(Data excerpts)

━━━━━━━━━━

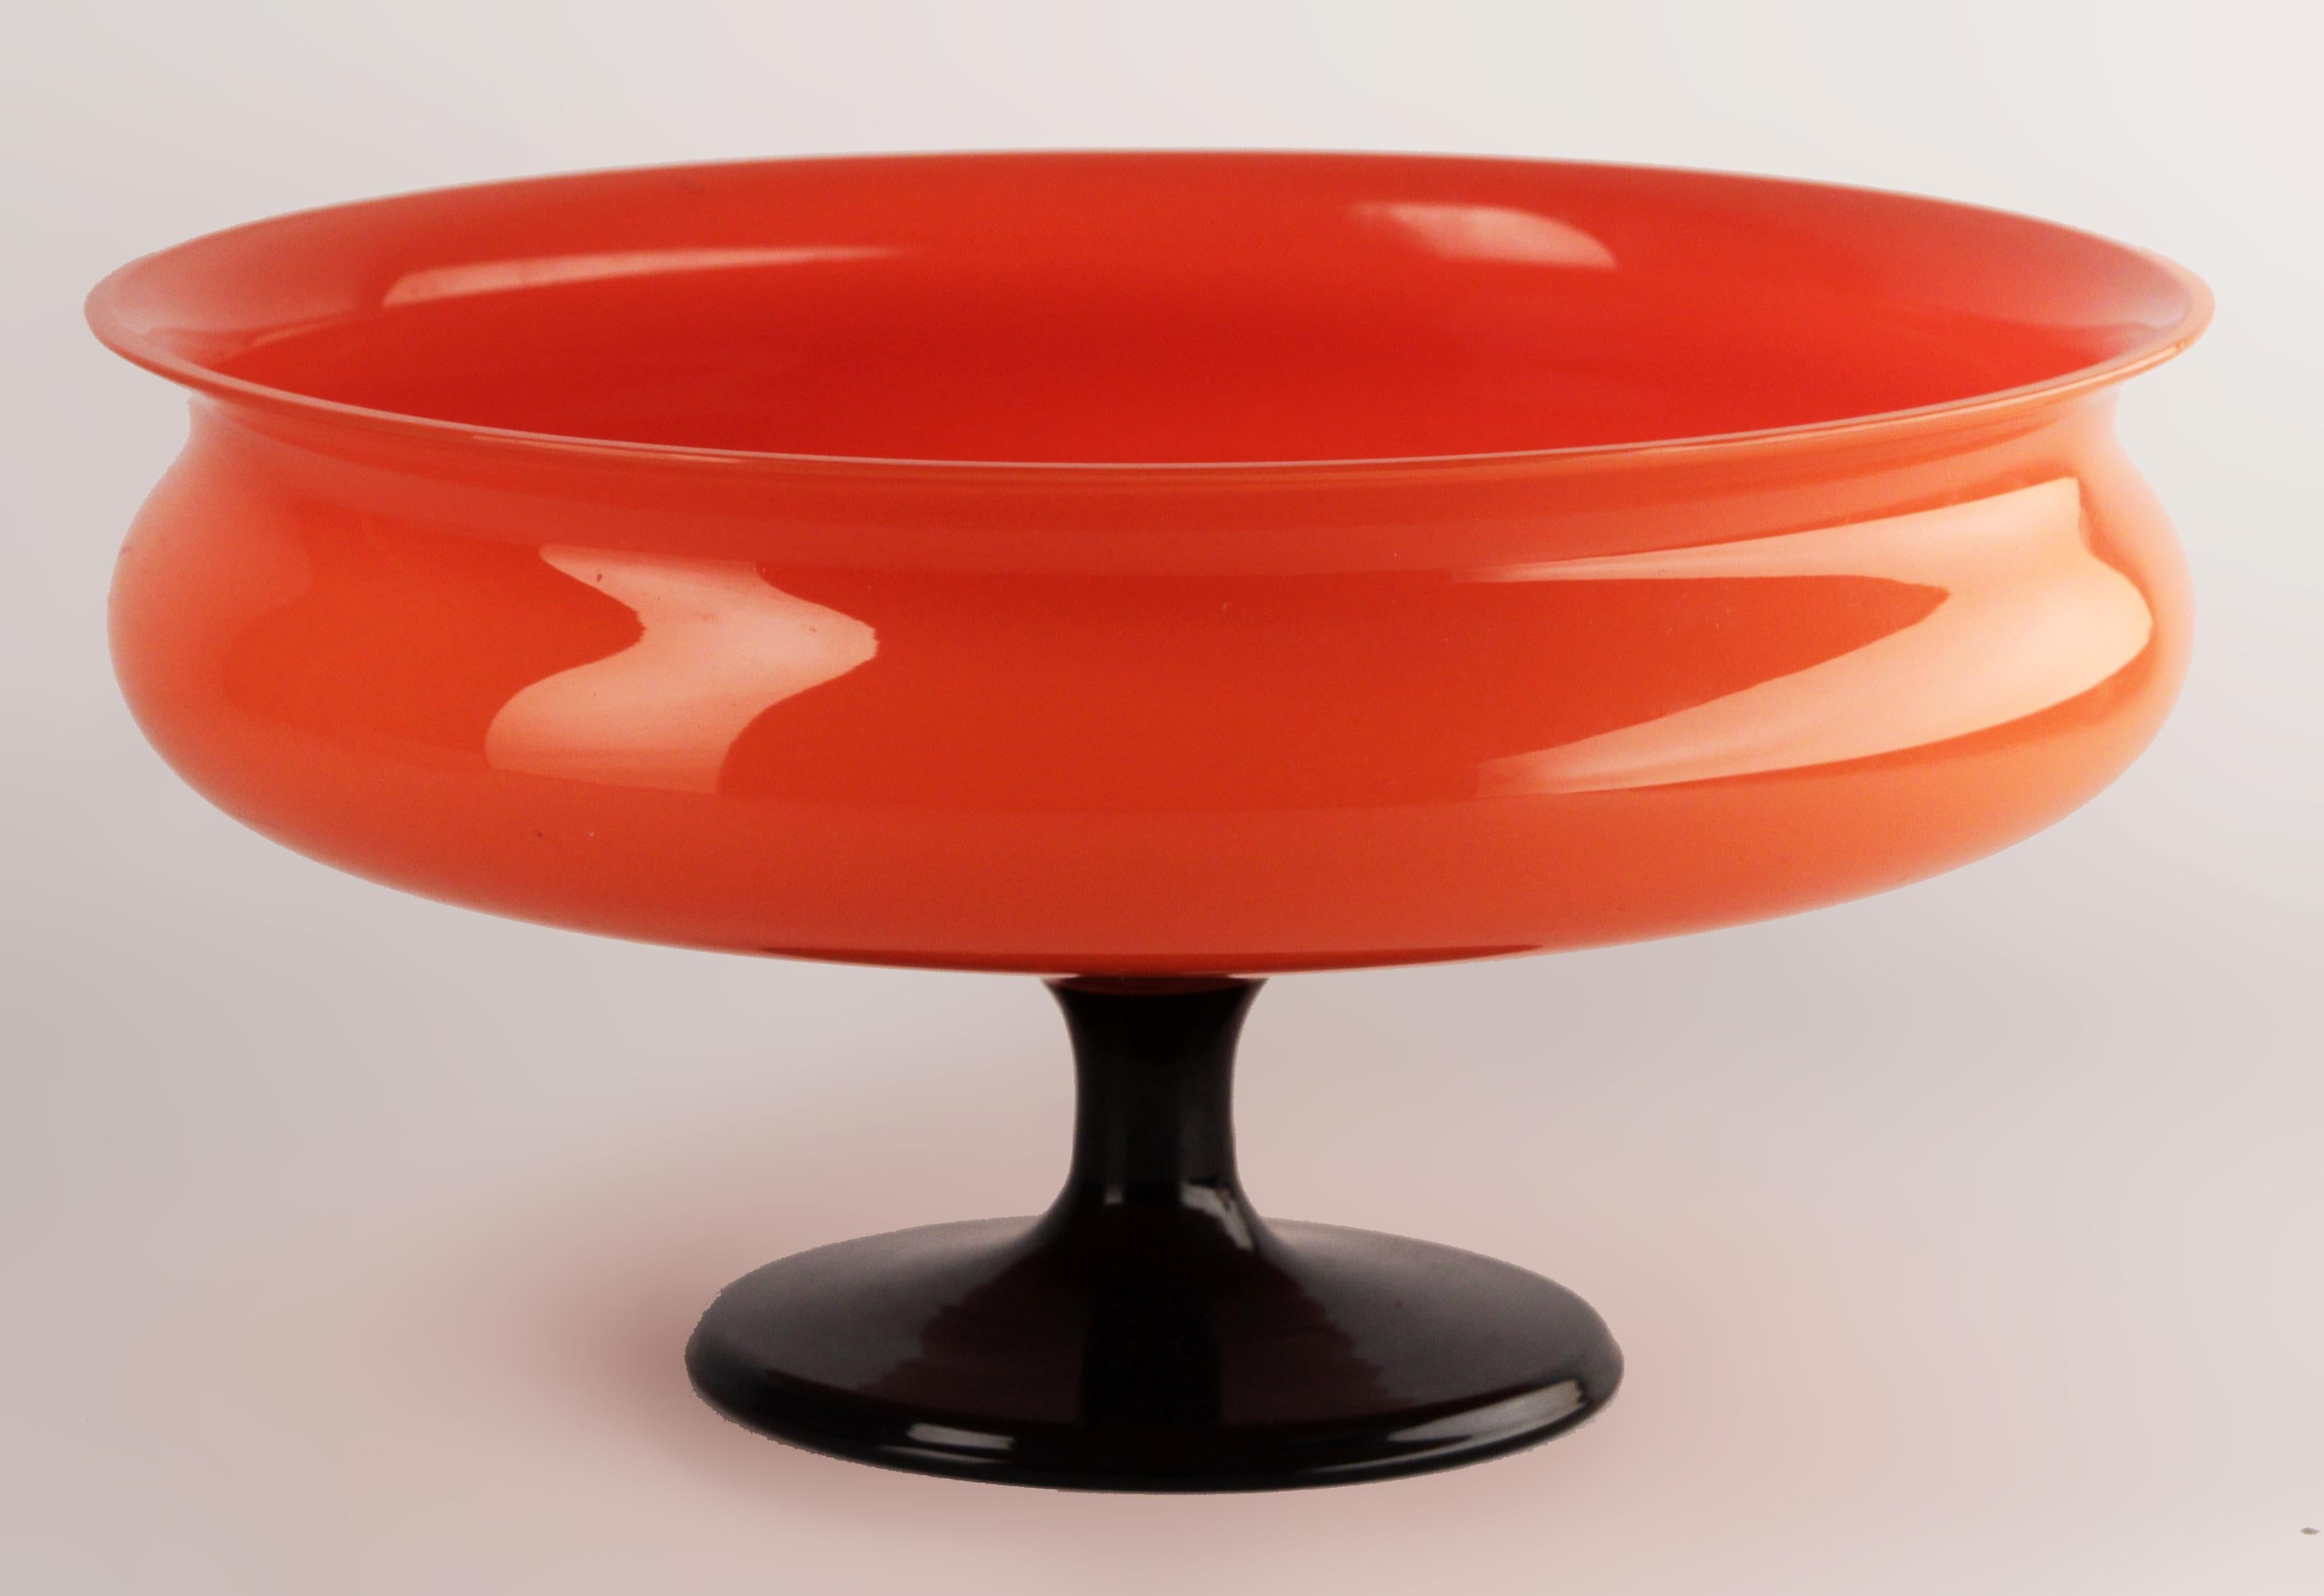 Anfang des 20. Jahrhunderts tschechisches glasiertes Kunstglas Tango Powolny-ähnliche rote Schale mit Fuß

von: Michael Powolny (in Anlehnung an)
MATERIAL: Glas, Kunstglas
Technik: gegossen, poliert, glasiert, geformt
Abmessungen: 10 in x 5

━━━━━━━━━━

What to work on -
In the records above, return only the line that contains "von: Michael Powolny (in Anlehnung an)" and every line after it through the last, exactly as they appear.

Written answer -
von: Michael Powolny (in Anlehnung an)
MATERIAL: Glas, Kunstglas
Technik: gegossen, poliert, glasiert, geformt
Abmessungen: 10 in x 5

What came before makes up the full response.